From there, we got back on the Metro and rode over to Arlington Cemetery. It was very impressive. It was incredibly well-maintained (which I was glad to see) and a very beautiful cemetery. Of course, we walked over to see JFK's grave.
East_Coast_058.jpg I had forgotten that Jackie was buried beside him. They also had two of their babies that they had lost buried there with them. The eternal flame was burning, and it was a very respectful area. In fact, one of the random tour guides had taken his people up there to the burial area and started talking to them, giving them some factoids. After he was done, this guard came up to him and really chewed him out, telling him that next time he was to talk to his people away from this area first, before he gets there.

We headed around the corner from there to see where Bobby Kennedy was buried. I was surprised to see how understated that gravesite was -- just a small cross and marker.

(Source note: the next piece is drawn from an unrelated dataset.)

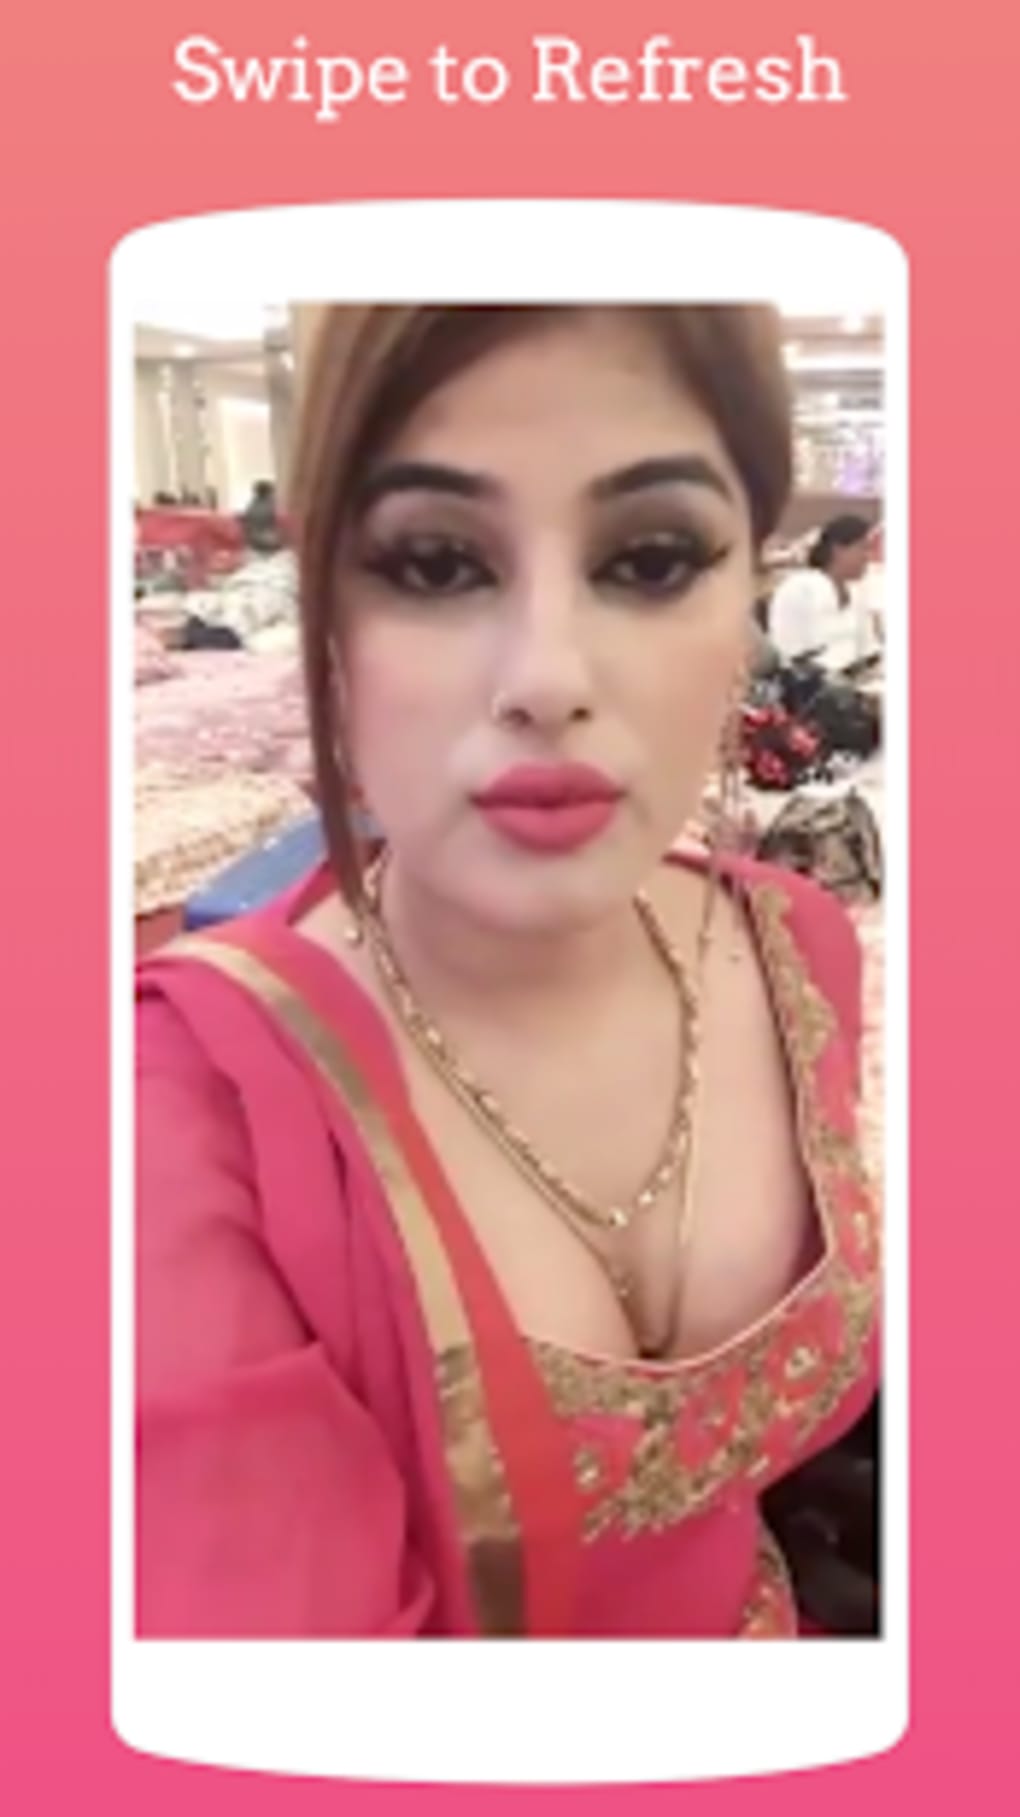 desi dating apps in us

Finally, we walked over to the Tomb of the Unknown Soldier. For some reason I had imagined that the Tomb would be near the front as you walk in, but it was way the heck over on the other side. I also did not realize until we walked up on it that there is a big arena-type memorial there that can seat quite a few. Anyway, we started seeing some people running over to the Tomb. Since the Changing of the Guard Ceremony takes place only every 30 minutes, we figured that it was just about time (we don't wear our watches -- it's a "vacation thing"). Sure enough, we had to wait only about 5 minutes. First of all, the soldier's walking was a thing of beauty. It looked like he was floating on air -- it didn't even look human. And the changing of the guard ceremony was amazing. You can tell it is steeped in military tradition -- very formal and deliberate. The entire ceremony takes about 10 minutes. When you consider that they do this every half hour, it's quite impressive. Of course, I took lots of pictures (on my photosite), but I also went to You Tube to see if there were any videos of this. If you're interested, you can look at this special report: http://www.youtube.com/watch?v=-XiuZRb_4UU There are also other videos on that same page if you're interested. I would definitely tell anyone going to DC that this is a must-see.

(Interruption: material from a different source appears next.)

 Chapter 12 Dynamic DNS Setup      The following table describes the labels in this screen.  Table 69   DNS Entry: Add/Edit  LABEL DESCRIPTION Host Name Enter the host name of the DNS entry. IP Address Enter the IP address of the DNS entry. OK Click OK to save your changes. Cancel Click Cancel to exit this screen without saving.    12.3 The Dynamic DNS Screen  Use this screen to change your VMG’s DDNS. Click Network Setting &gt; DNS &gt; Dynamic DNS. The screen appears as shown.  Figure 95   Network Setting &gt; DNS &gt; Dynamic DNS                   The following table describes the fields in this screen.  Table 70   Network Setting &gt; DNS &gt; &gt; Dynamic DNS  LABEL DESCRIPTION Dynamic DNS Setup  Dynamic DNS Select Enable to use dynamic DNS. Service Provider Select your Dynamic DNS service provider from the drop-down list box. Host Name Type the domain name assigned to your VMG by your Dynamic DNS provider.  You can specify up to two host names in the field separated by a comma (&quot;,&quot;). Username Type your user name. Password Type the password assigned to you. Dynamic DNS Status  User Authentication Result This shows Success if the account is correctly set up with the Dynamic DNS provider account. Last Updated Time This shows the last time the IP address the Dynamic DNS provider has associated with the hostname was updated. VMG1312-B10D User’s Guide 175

Well, I just read through this DC section and realized that yes, I did have a "death theme" going -- Lincoln's death, Holocaust, WWII Memorial and Arlington Cemetery. Hmmm.... But it was a really good enjoyable day. Go figure.

Random Road Report, Part II

As we were travelling to DC, in the short trips across Delaware and Maryland, we saw something interesting. In those two states they have what they call "Service Areas". These consist of gas stations, restaurants, etc., and they're in the broad middle of the highway, between the two lanes. You enter those areas by exiting left, then you just drive right back onto the freeway. I thought that was a clever idea, although I realized that the space is limited and the only way to get your business in there would be to enter into a contract with the government -- kinda stifles free enterprise, huh?

Of course, I ranted on and on about the tolls to get from New Jersey into Philadelphia. However, that was nothing! When we left NJ heading to DC, we had to pay a toll to go across the bridge into Delaware (we did finally deduce that no matter which direction you go, you have to pay to get out of NJ). We were in Delaware just a few minutes, and then we had to pay a toll to get into Maryland. Again, just a few minutes in Maryland, through Baltimore, we came to Virginia, where we (you guessed it) had to pay a toll. Then right before we got to our campground, we entered a toll booth and paid to go about 300 feet to our turnoff (thank goodness that one was only $0.25). All in all, in 2-1/2 hours of driving, we paid a total of $25.50 in tolls!!! Now you would think after all those toll roads, the roads would be perfect, as smooth as glass -- WRONG! They were some really lousy roads -- so I'm not sure what they're doing with all that money!! (OK, enough ranting).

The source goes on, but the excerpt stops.